━━━ Data extract

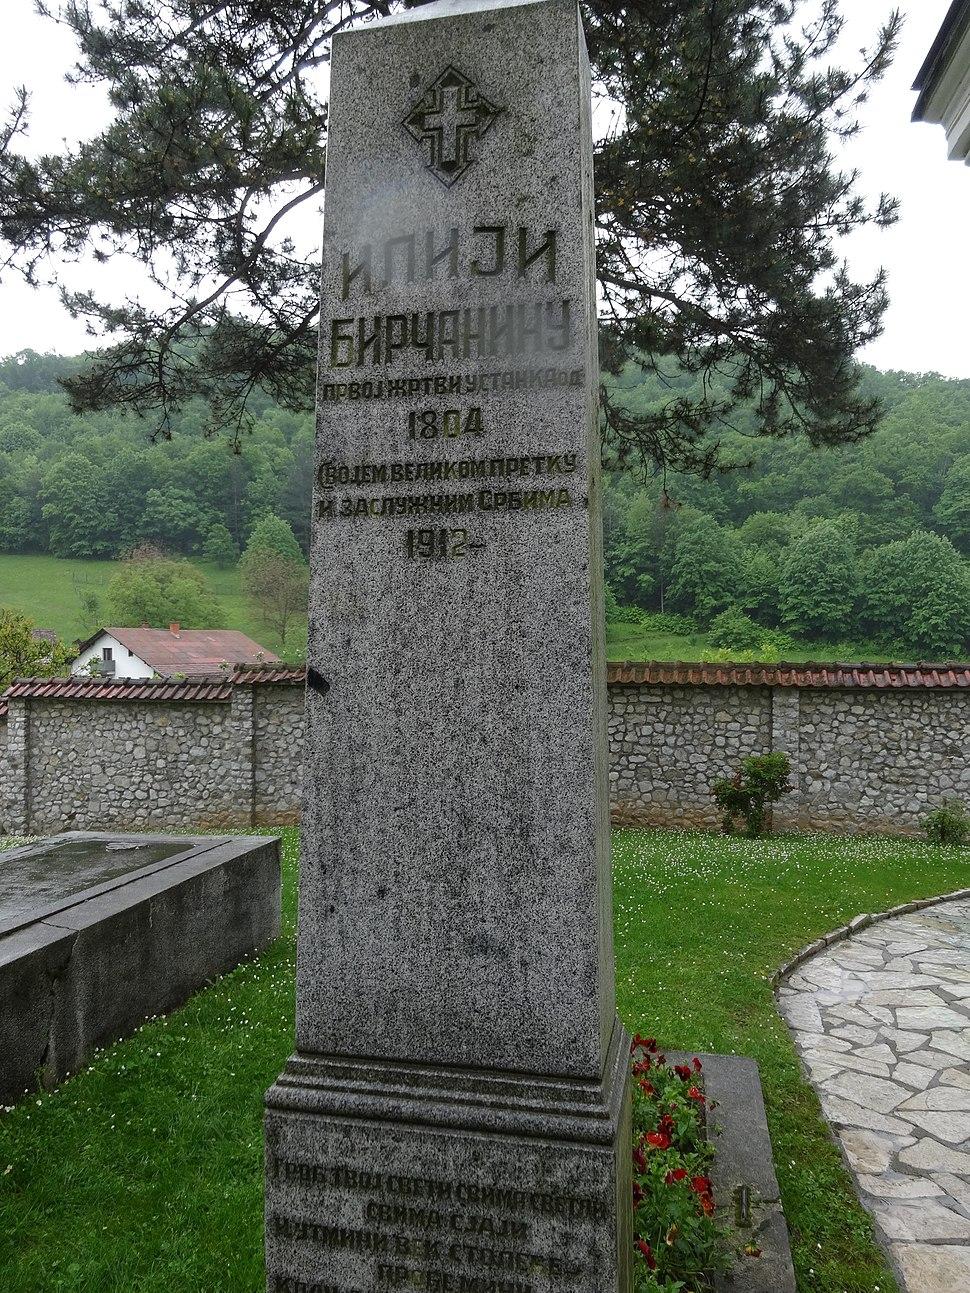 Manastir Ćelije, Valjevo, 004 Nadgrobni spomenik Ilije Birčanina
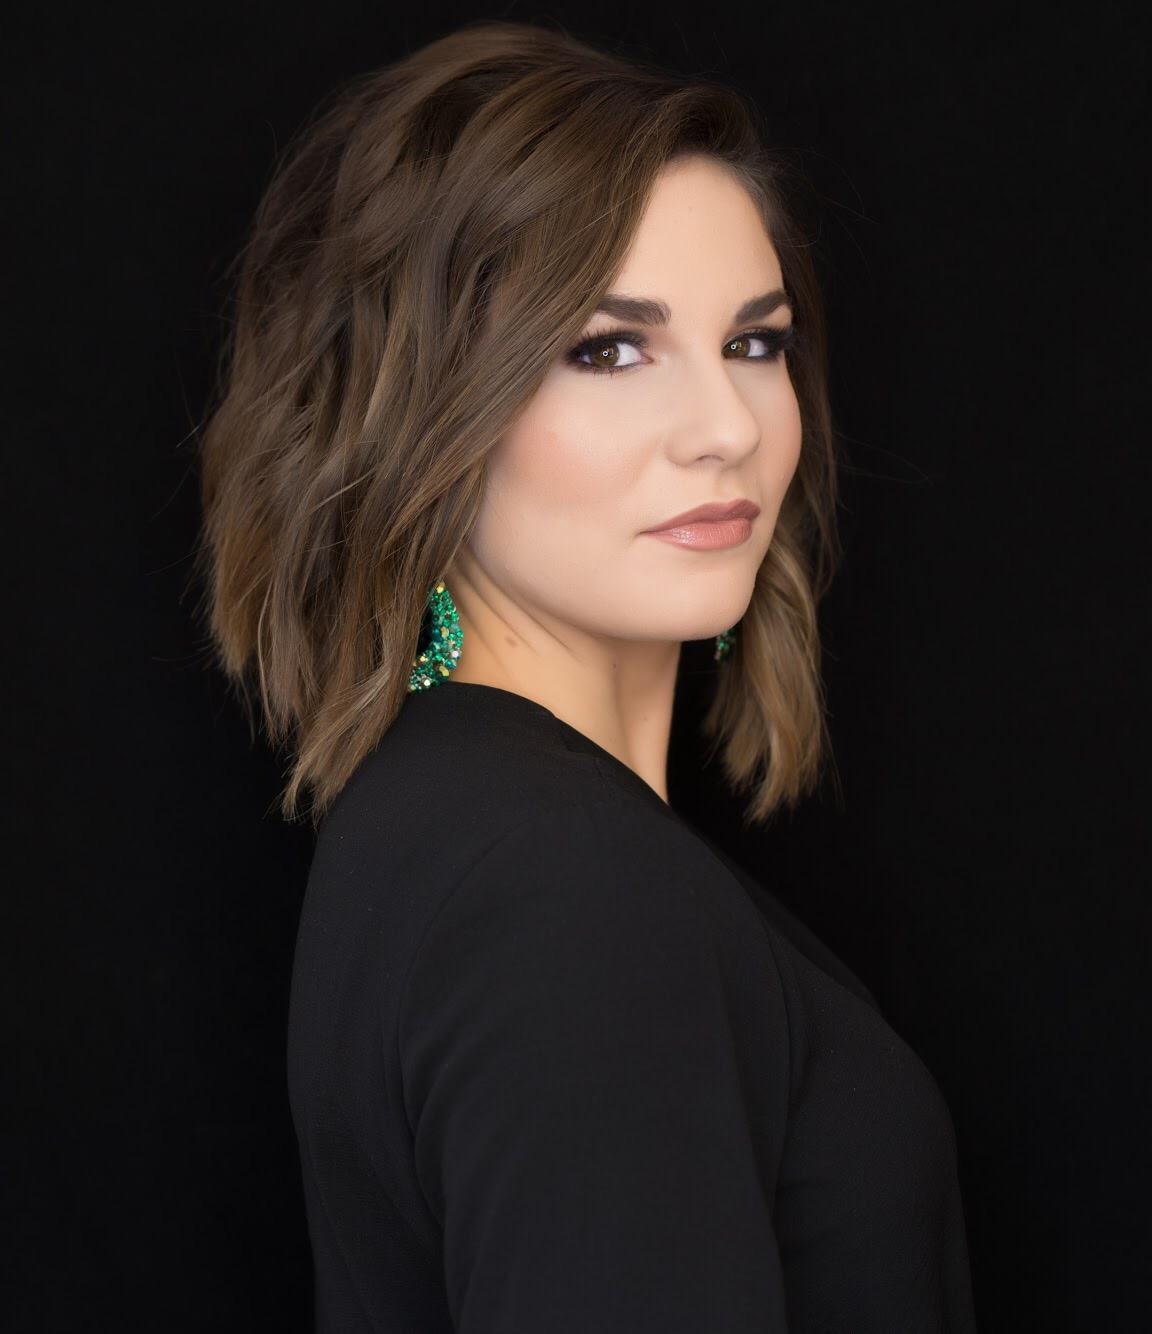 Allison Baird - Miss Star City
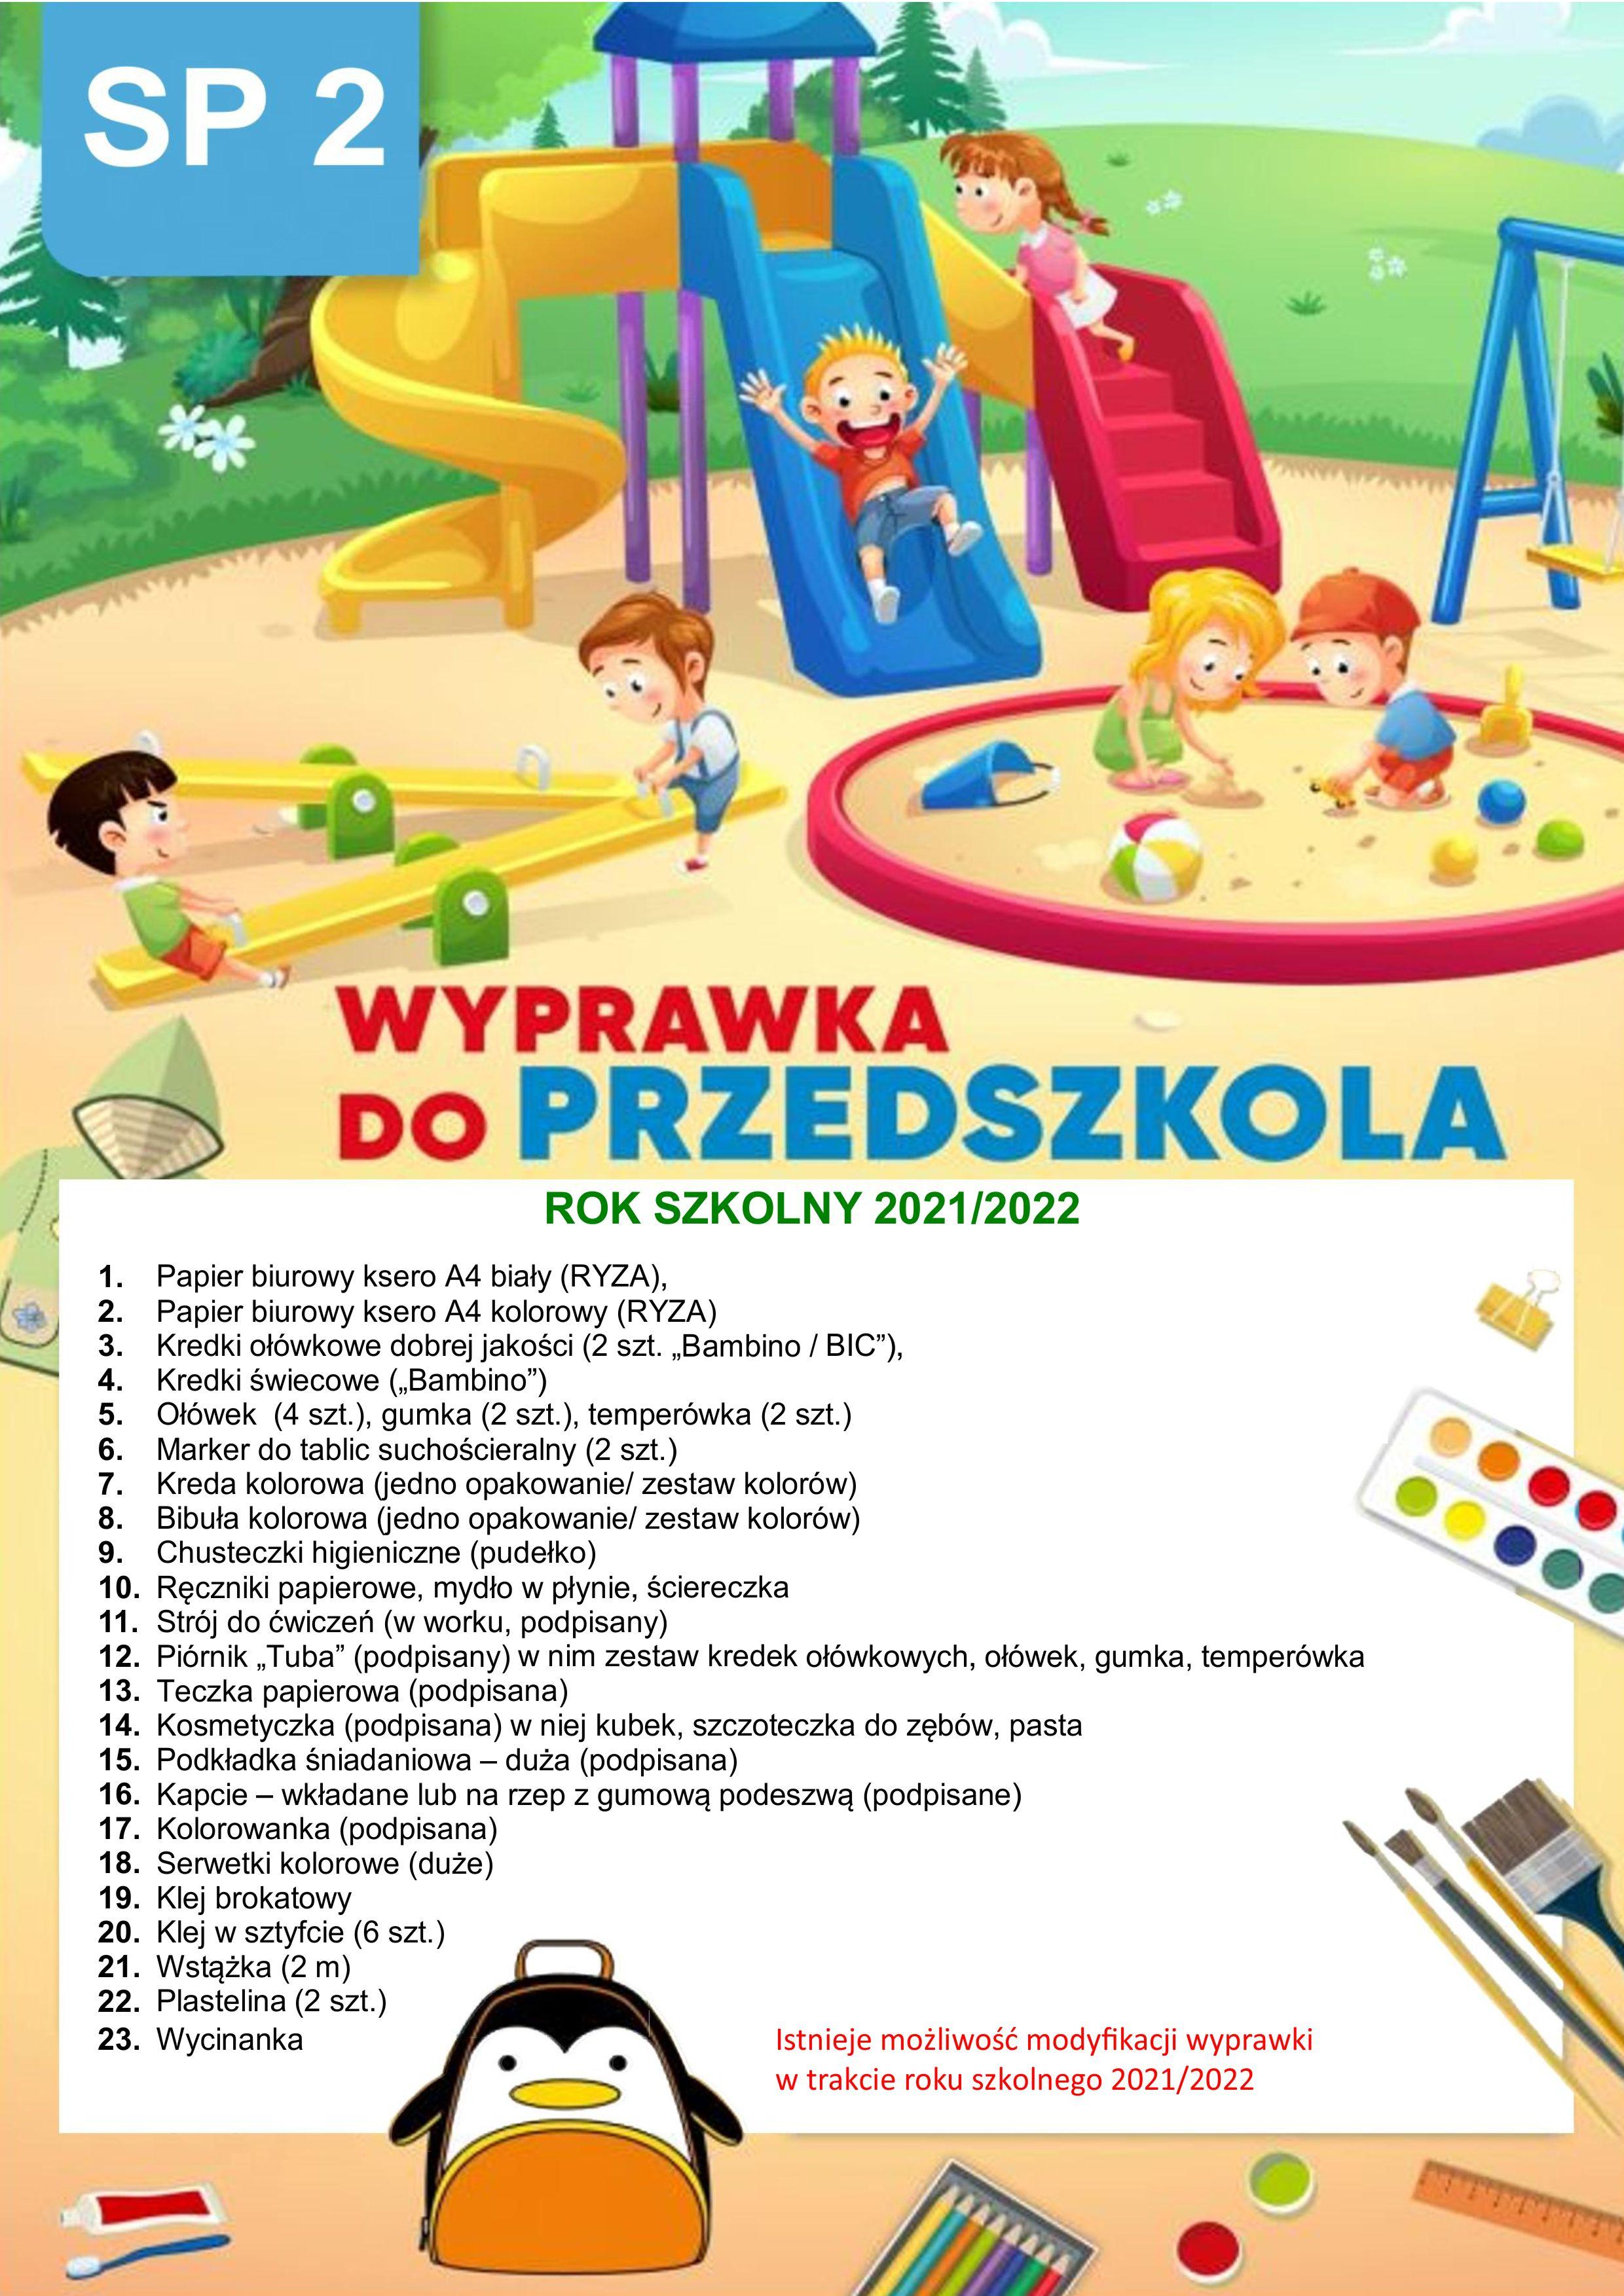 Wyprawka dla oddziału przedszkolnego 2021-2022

━━━━━━

Any picture found in the data is to be skipped while the rest is copied exactly.

 Manastir Ćelije, Valjevo, 004 Nadgrobni spomenik Ilije Birčanina
 Allison Baird - Miss Star City
 Wyprawka dla oddziału przedszkolnego 2021-2022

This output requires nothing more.